Christmas is the time when the basura truck turns from a once a month visitor into a twice a week nuisance. It multiplies too; from a single ten-wheeler into a squadron of three which take it in turn to hold the neighborhood to ransom: pinaskohan or the trash gets left in the street to rot.
Christmas is the time for parties. Customer client bashes, office celebrations, barkada reunions, all occasions for the customary exchange of gifts.

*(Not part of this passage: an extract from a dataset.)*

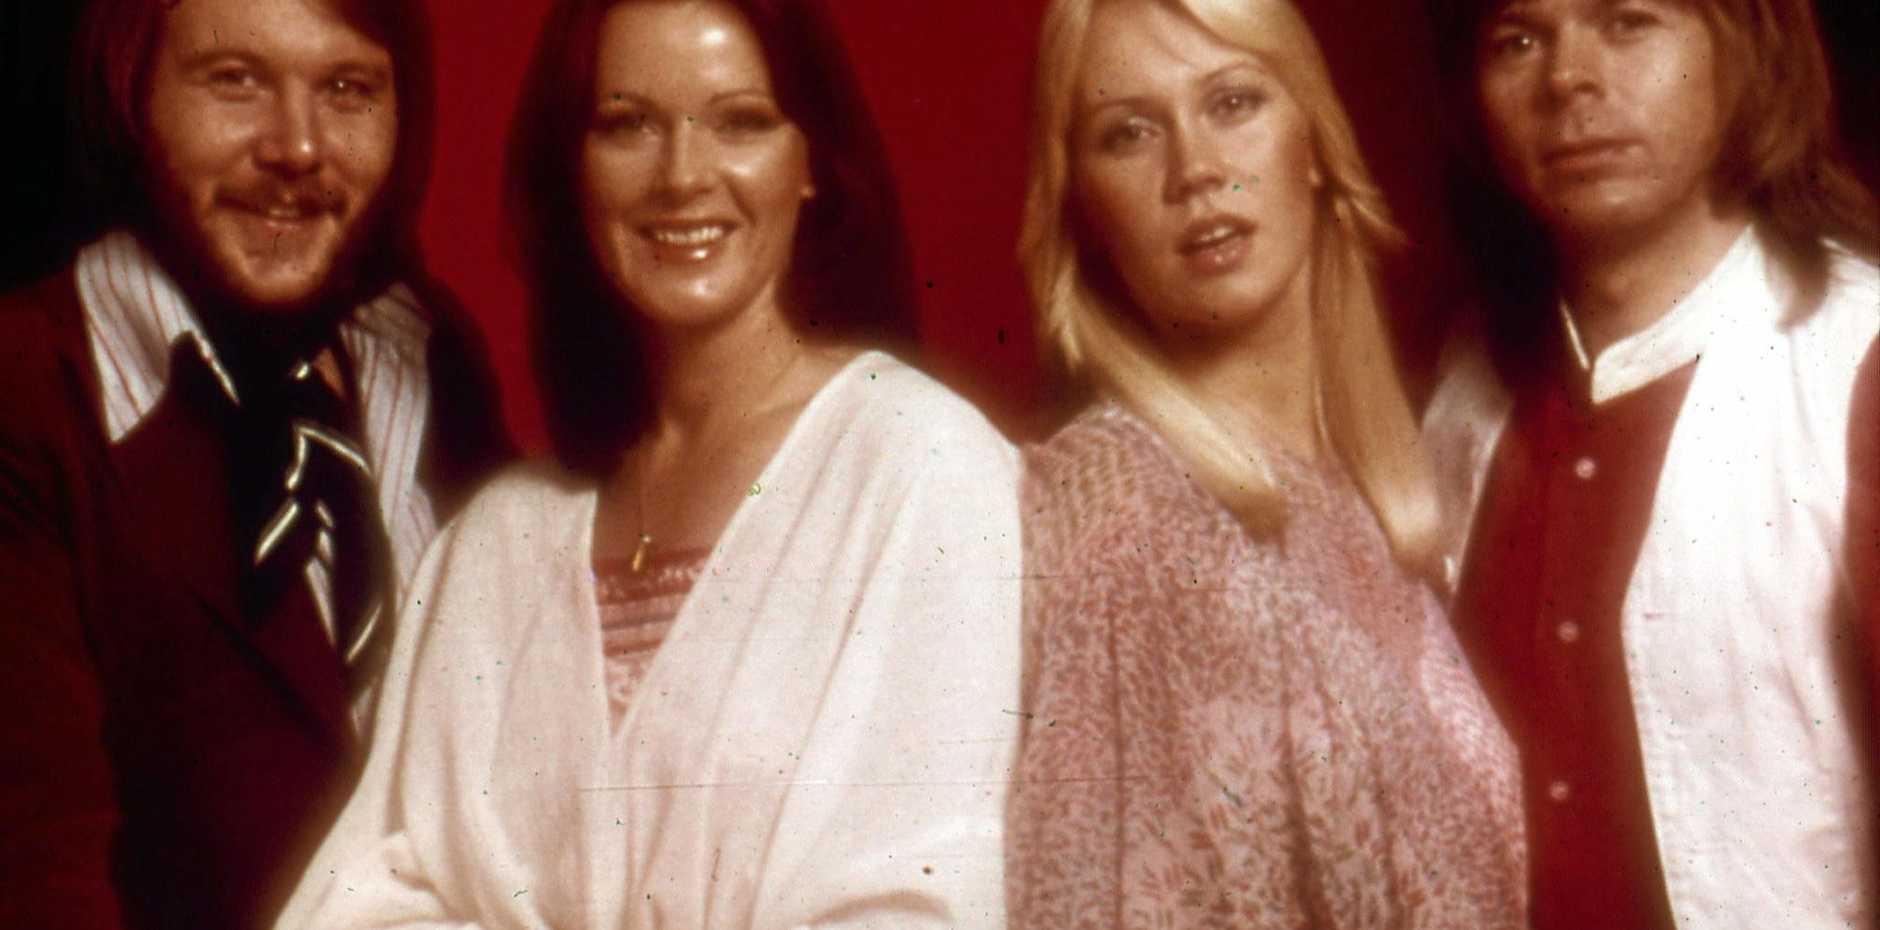 Benny Anderson, Annifrid Lyngstad, Agnetha Faltskog, and Bjorn Ulvaeus in 1977.
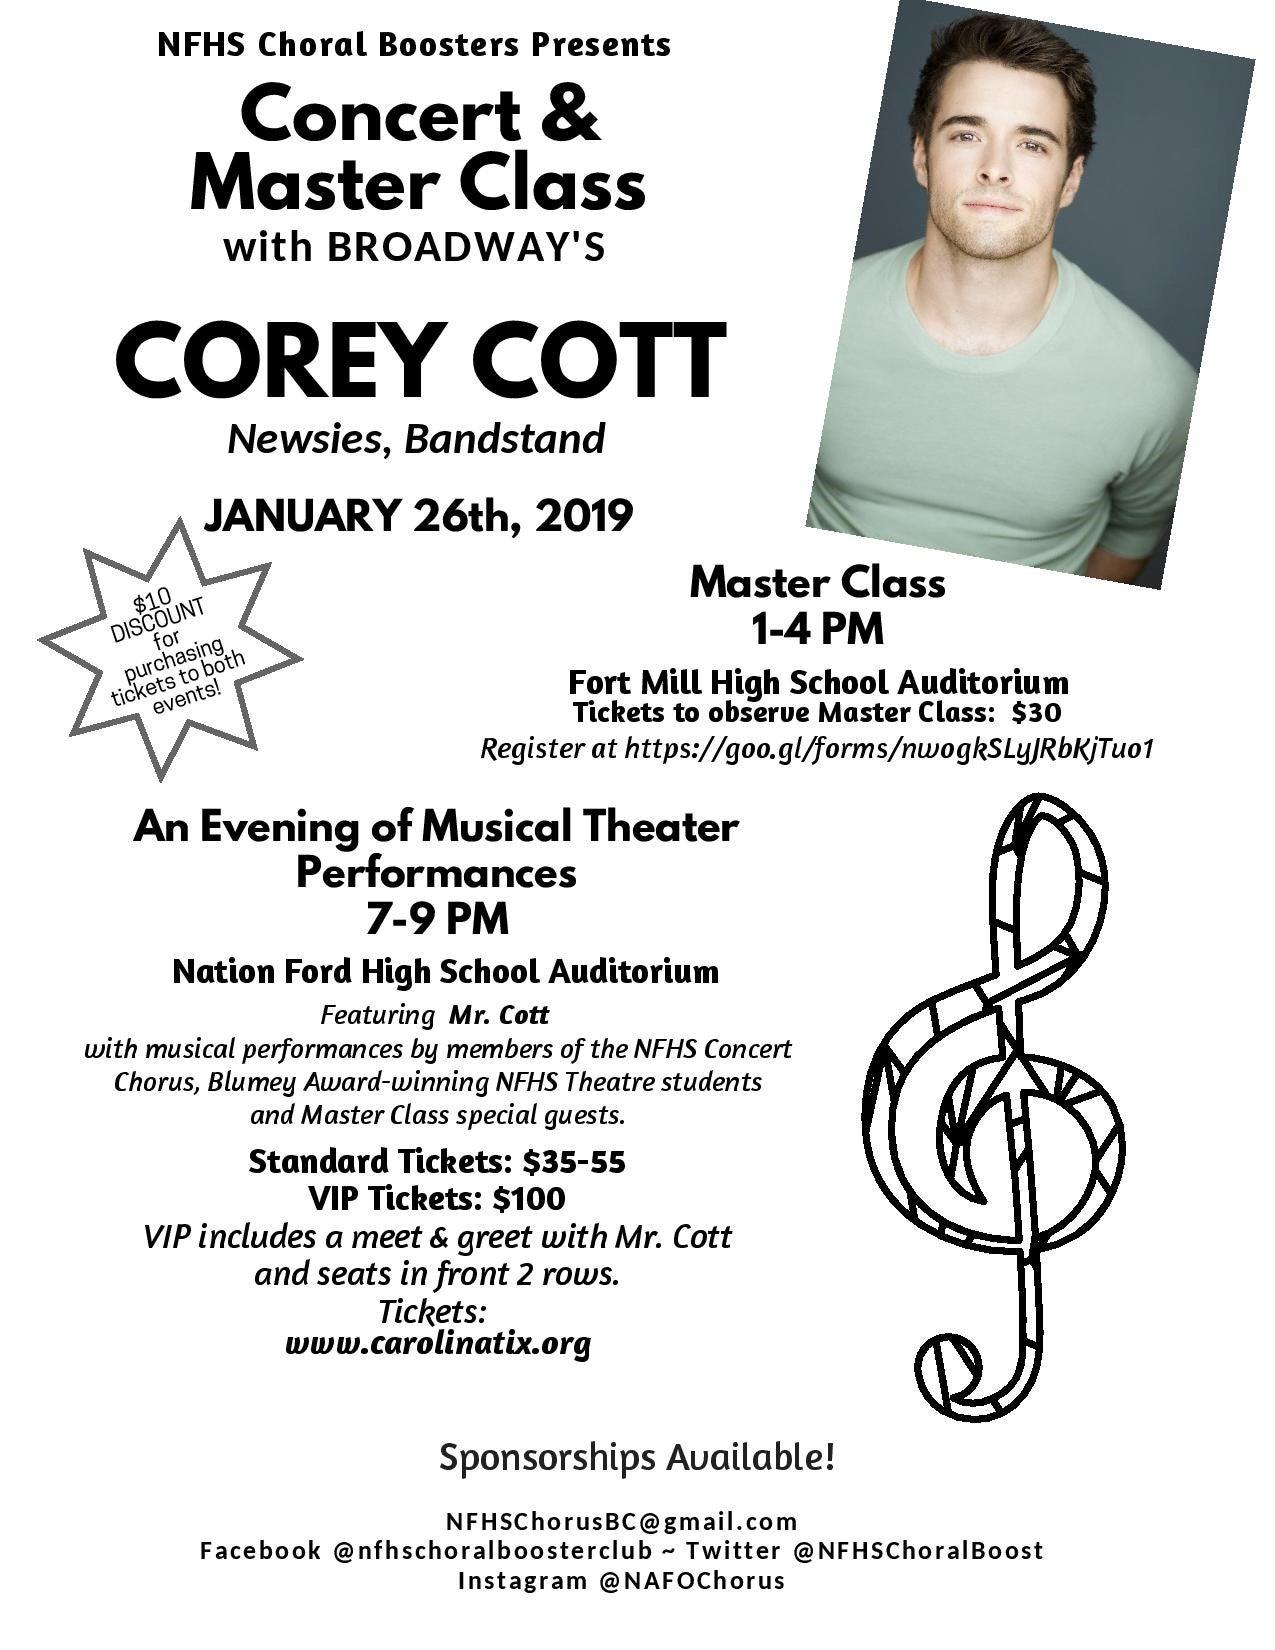 NFHS Student Concert featuring Corey Cott

Christmas time is when department stores boost their prices for a week or two all the better to generously mark them down by up to 50 percent on selected items at the January sales. And food halls feel obliged to offer “traditional” festive treats such as rich fruit cake, oddly shaped hams and keso de bola, an imitation Dutch cheese.
Christmas time means simbang gabi, the annual clash between those who do and those who don’t. Half the household rises at five thirty in the morning. The other half pretend to slumber on but in reality are cursing the switched on lights, the slamming doors, the chatter and yapping dogs, a routine repeated an hour or so later when the churchgoers return.
And for the next nine days. Simbang gabi fatigue sets in. Body clocks stutter and stall, sudden naps are taken at the lunch table. Tempers frazzle, it’s not only the dogs that snap and snarl. The spirit of Christmas gets stomped on and booted out of the window but only until Christmas eve, when we declare a truce, because Christmas day is Visitors Day.
They come in droves. Soon the house is chockablock but never mind; the turbo-broiler works overtime, an Apo of spaghetti is prepared and, still smoking slightly, a lechon is shouldered in upon a bamboo pole to cheers and the rustle of supot bags. Later, as the children semi-circle the television, we exchange gifts, a last-ditch attempt to pass on the glass monstrosity.
It didn’t work. New Year’s Day, we had brewed a hearty punch, a toast to the future, sipping from transparent cups encrusted with glass barnacles. Maybe we’ll get rid of the thing next year.